The resultant pressure stimulus (sub-threshold stimulus plus noise) for the two noise bandwidths (maximum frequency 400 Hz and 1600 Hz) is shown, respectively, in Fig. 4b,c. The addition of noise to the sub-threshold pressure enables the resultant pressure to cross the threshold occasionally, modelled here as a spike of value 1. In other words, the sub-threshold pressure is enhanced by the noise—this could be broadly defined as “stochastic resonance”44. Comparing the narrow bandwidth noise (maximum frequency 400 Hz) in Fig. 4b to the wide bandwidth noise (maximum frequency 1600 Hz) in Fig. 4c, it is clear that the frequency of crossing is low for the former but much higher for the latter. Moreover, increasing the maximum bandwidth frequency (from 400 to 4000 Hz) increases the frequency of threshold crossing, as shown in Fig. 4d. A higher frequency of threshold crossing by the resultant pressure stimulus leads to a higher frequency of action potential produced by the mechanoreceptor, and therefore a higher frequency of nerve impulse transmitted to the brain for balance control.
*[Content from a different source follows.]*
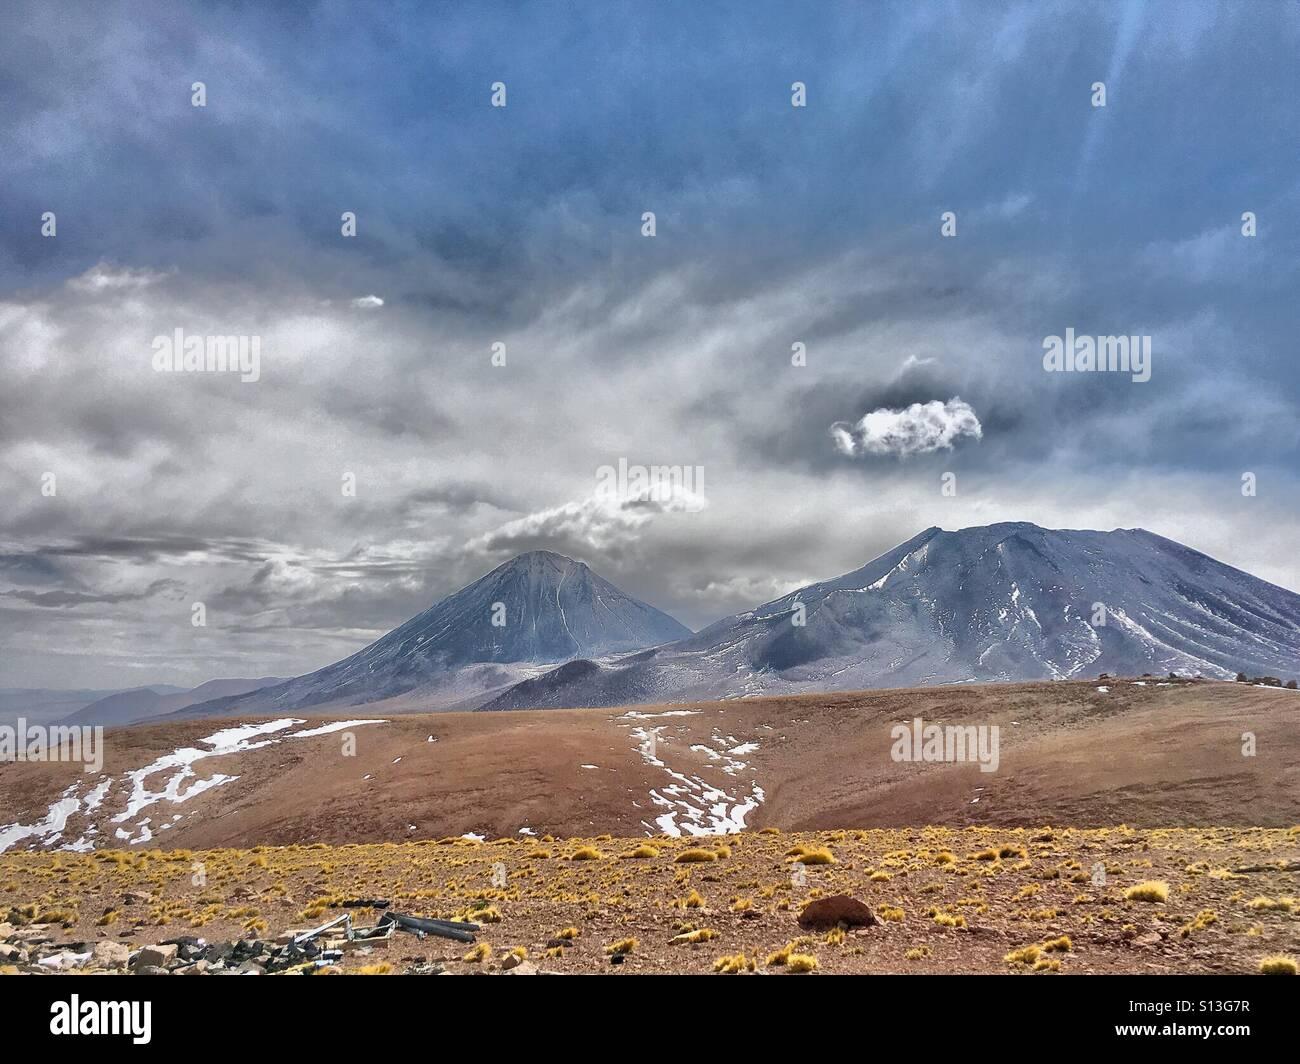 Volcán Licancabur, el desierto de Atacama, norte de Chile Imagen De Stock

Our model suggests that, in both the firm and compliant surface experiments, although the addition of mechanical noise to a sub-threshold pressure stimulus results in some transmission of nerve impulses to the brain for both the wide and narrow bandwidth noise, the frequency of transmission is negligible for the latter but significantly higher for the former. For the compliant surface experiment, this would explain why the wide but not narrow bandwidth noise improved balance compared to control since the increase in frequency of nerve impulse transmission is significant only for the former. The same explanation applies to why balance is improved for the wide bandwidth noise compared to the narrow bandwidth noise.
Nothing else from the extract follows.